Down to the last line, reproduce the data that follows, but skip the pictures.
** GIVEN DATA follows **
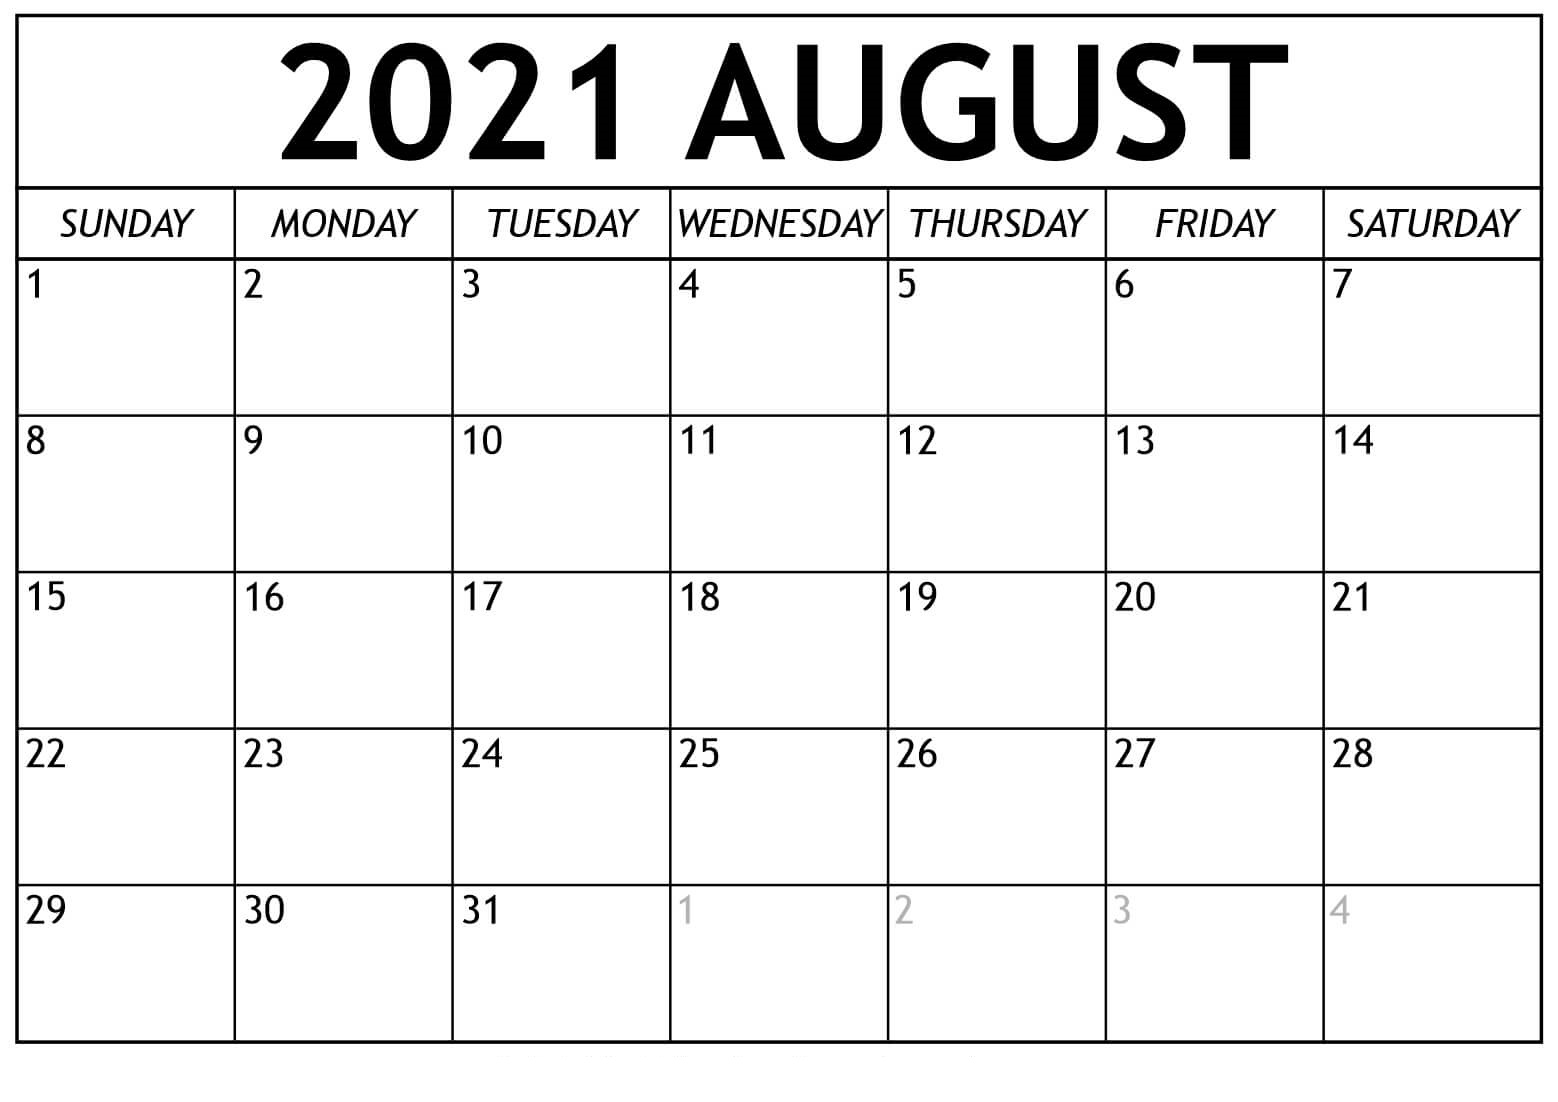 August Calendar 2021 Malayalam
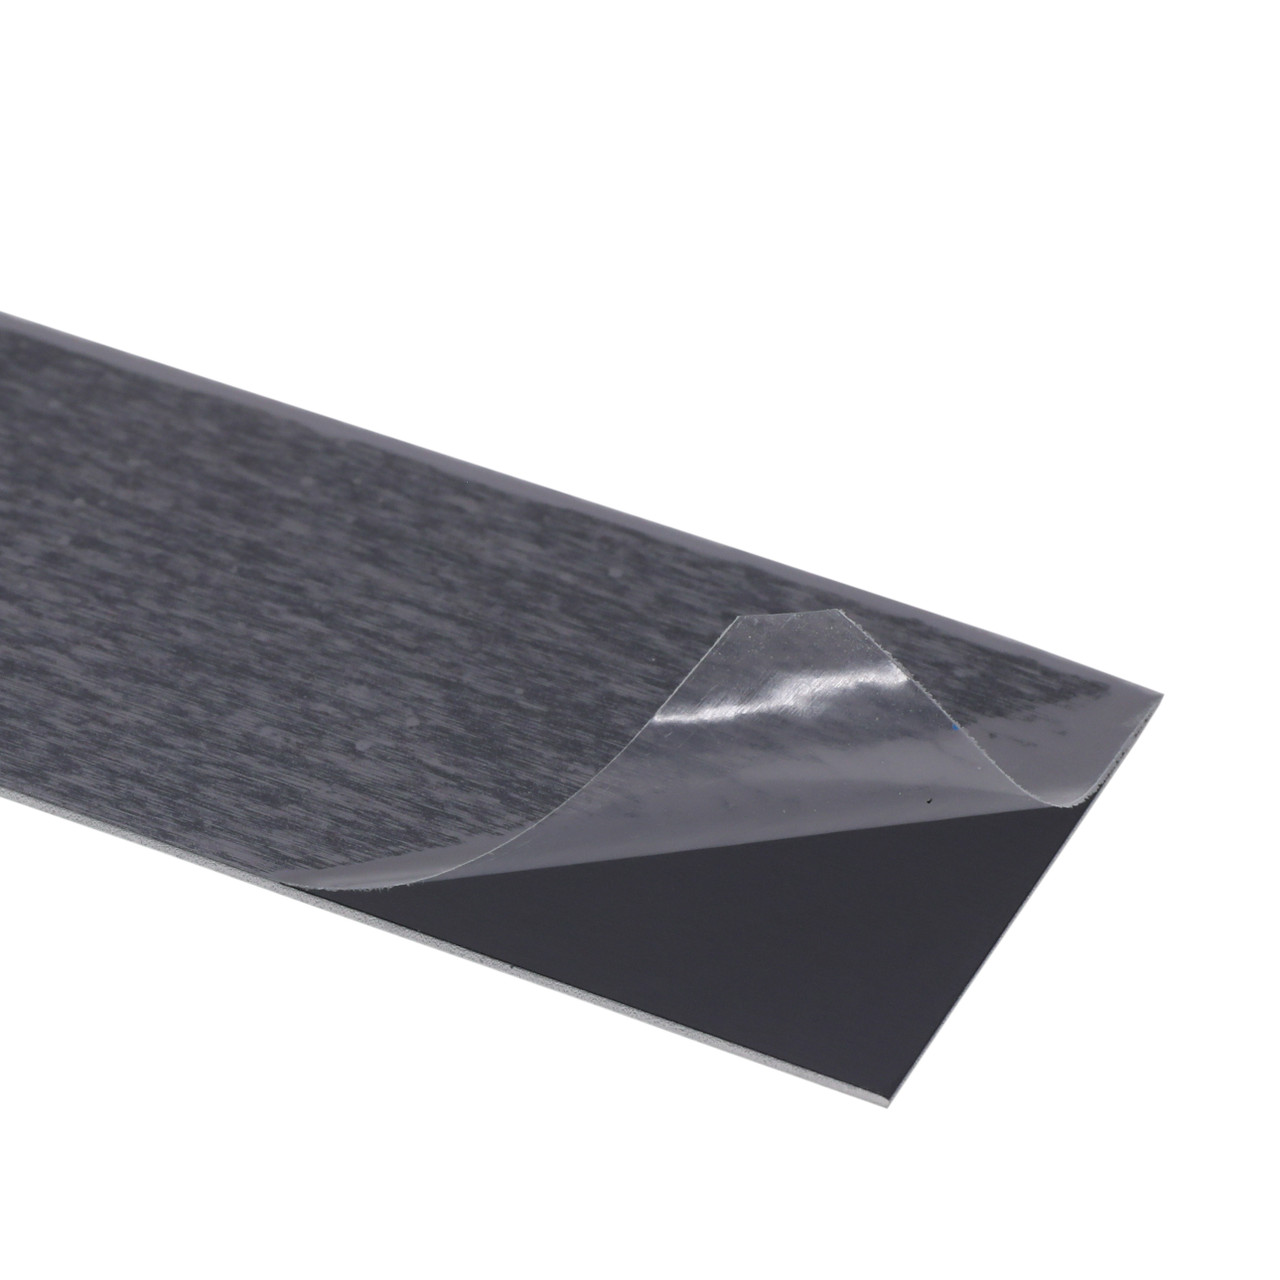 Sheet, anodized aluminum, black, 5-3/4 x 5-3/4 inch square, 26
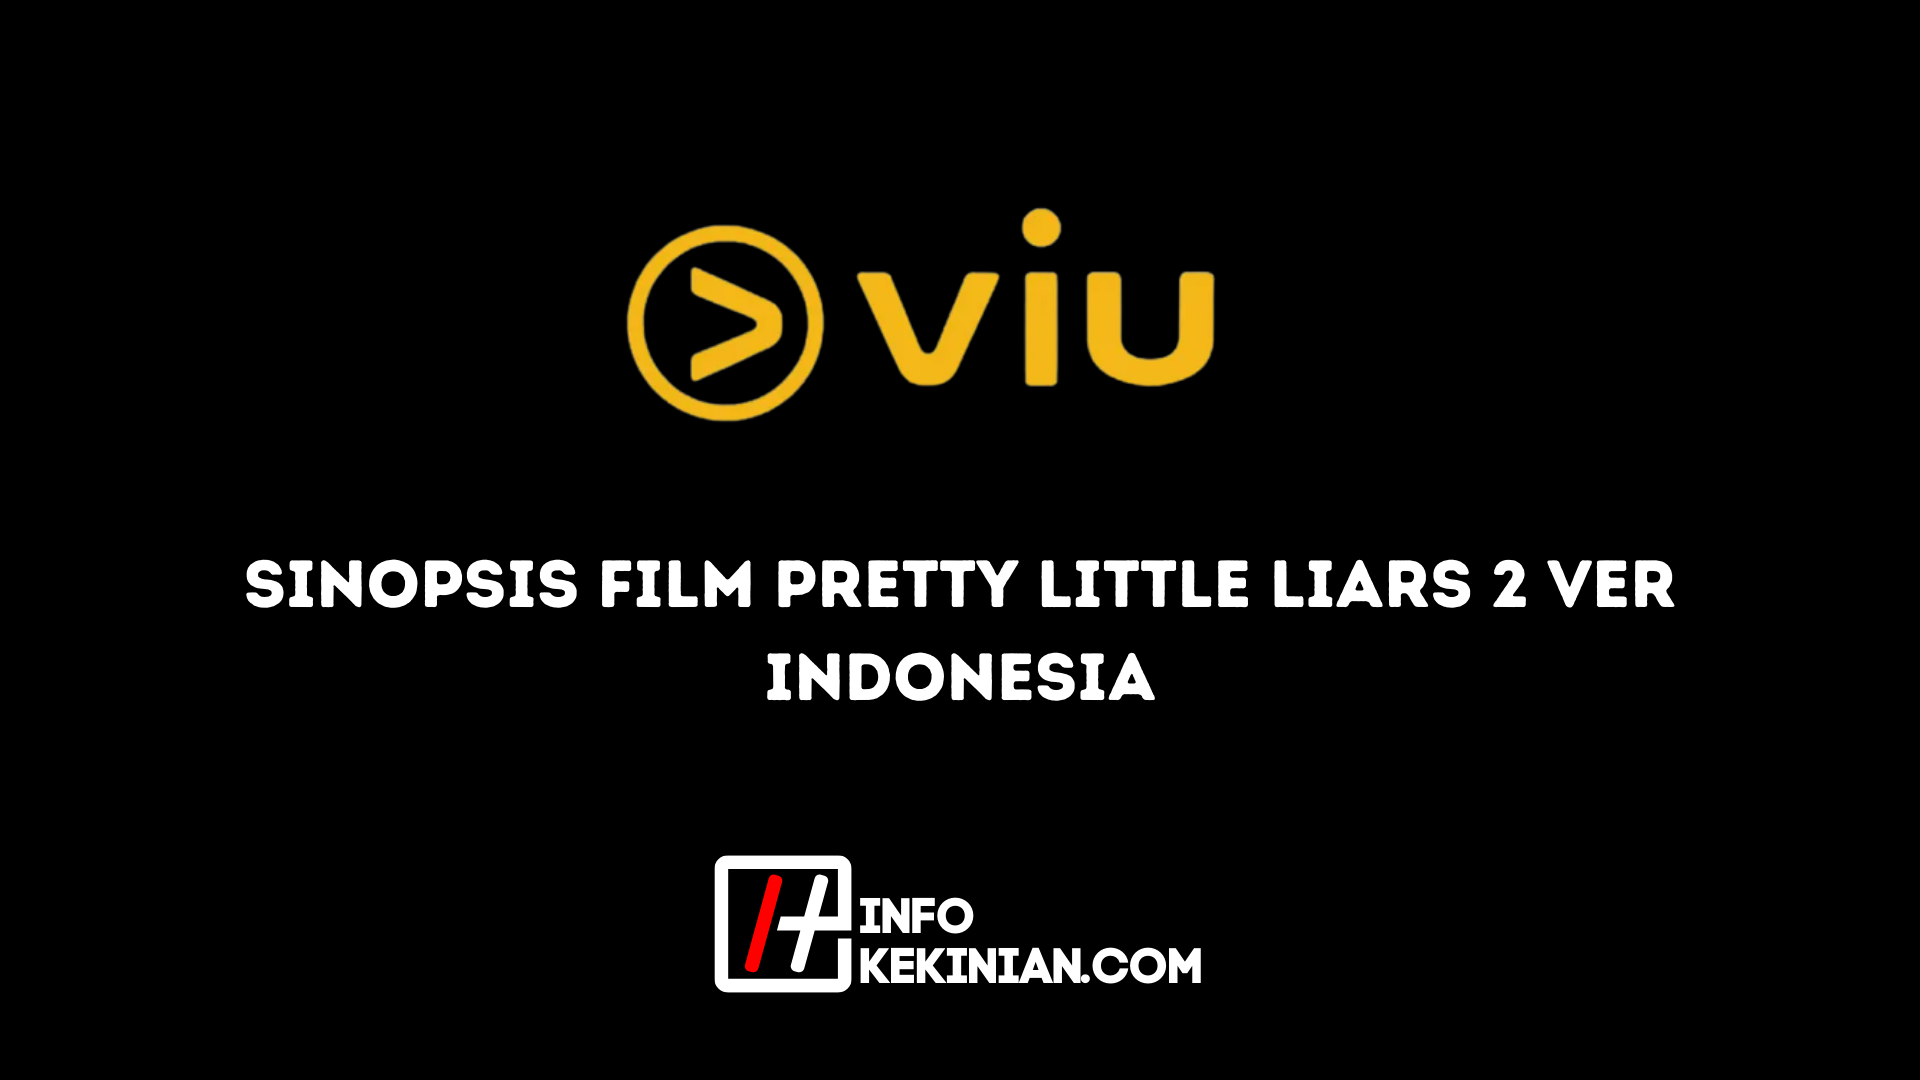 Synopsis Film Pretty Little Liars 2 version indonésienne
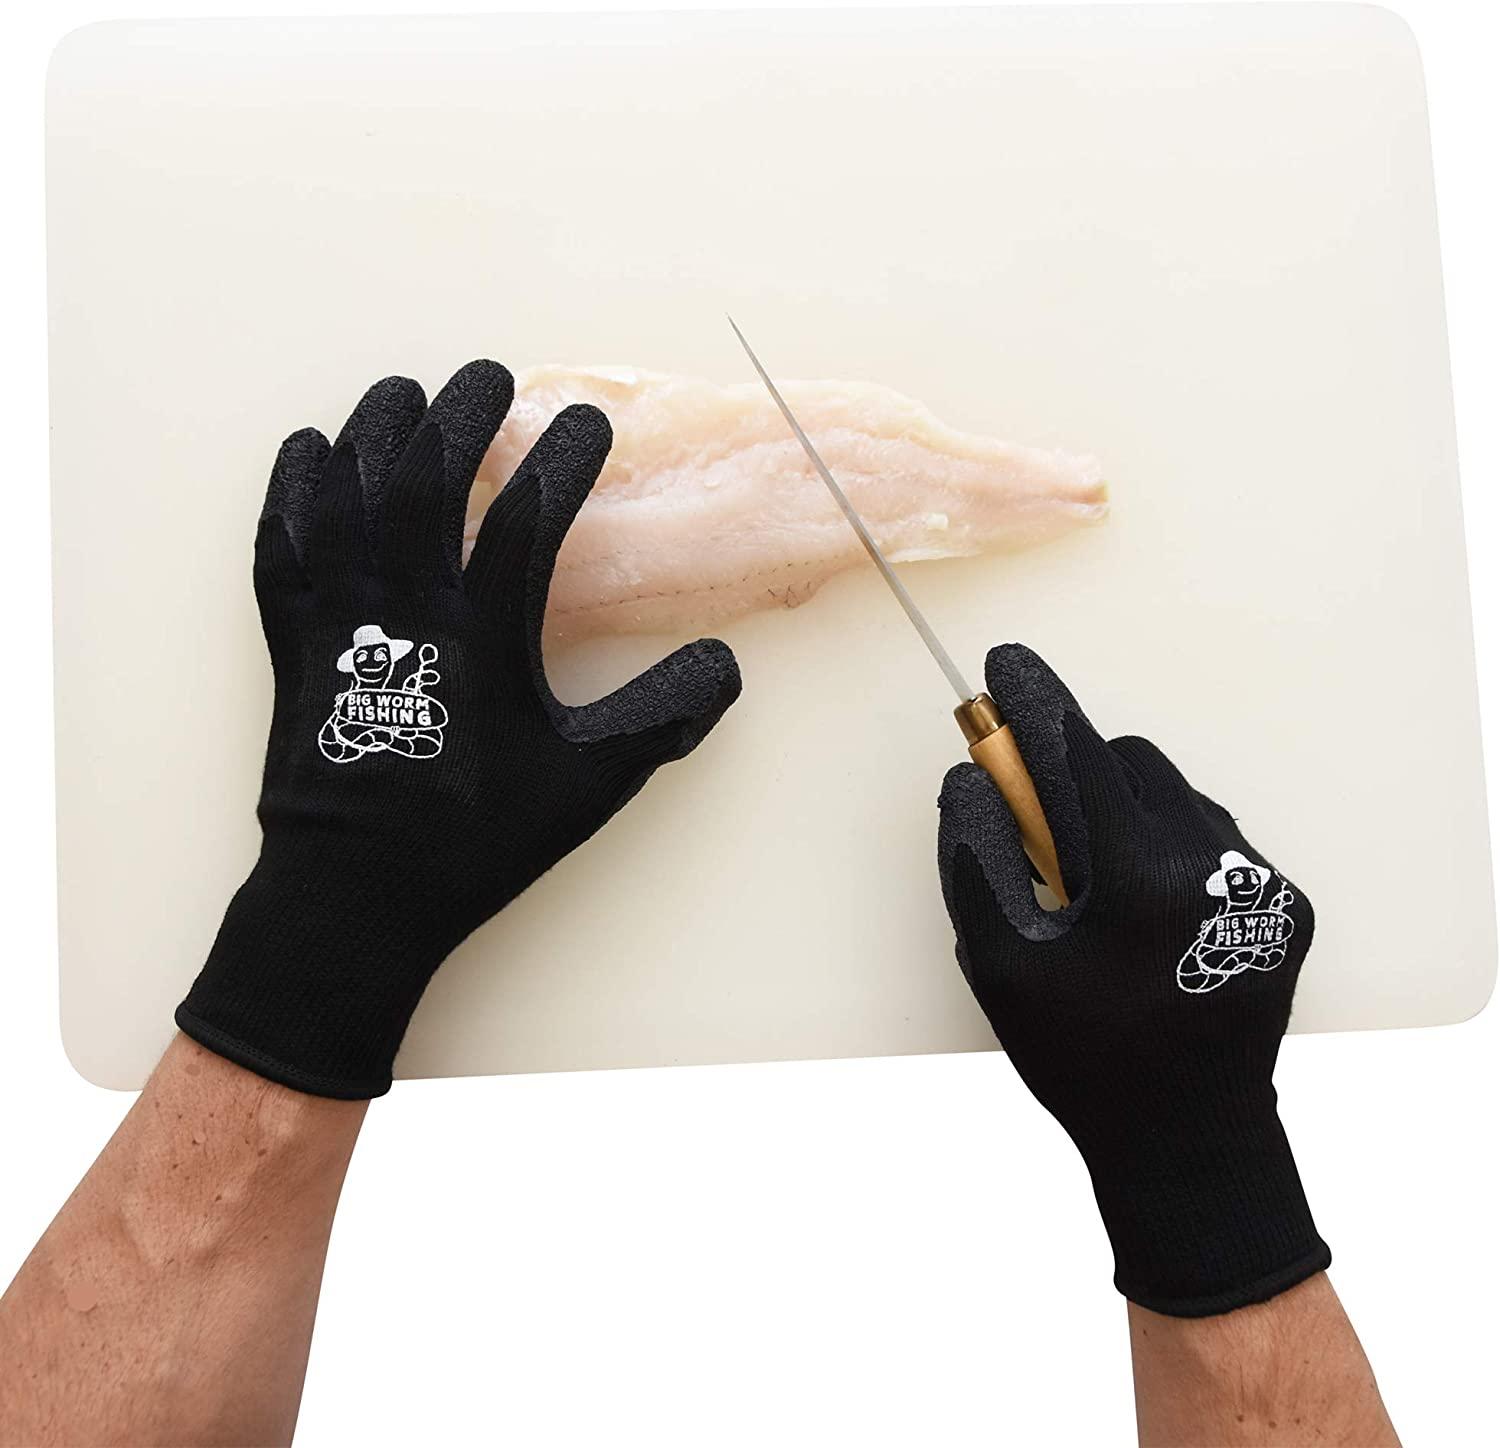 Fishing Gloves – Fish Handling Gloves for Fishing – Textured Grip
** End of GIVEN DATA **
• **ANSWER TO THE EXERCISE**:
 August Calendar 2021 Malayalam
 Sheet, anodized aluminum, black, 5-3/4 x 5-3/4 inch square, 26
 Synopsis Film Pretty Little Liars 2 version indonésienne
 Fishing Gloves – Fish Handling Gloves for Fishing – Textured Grip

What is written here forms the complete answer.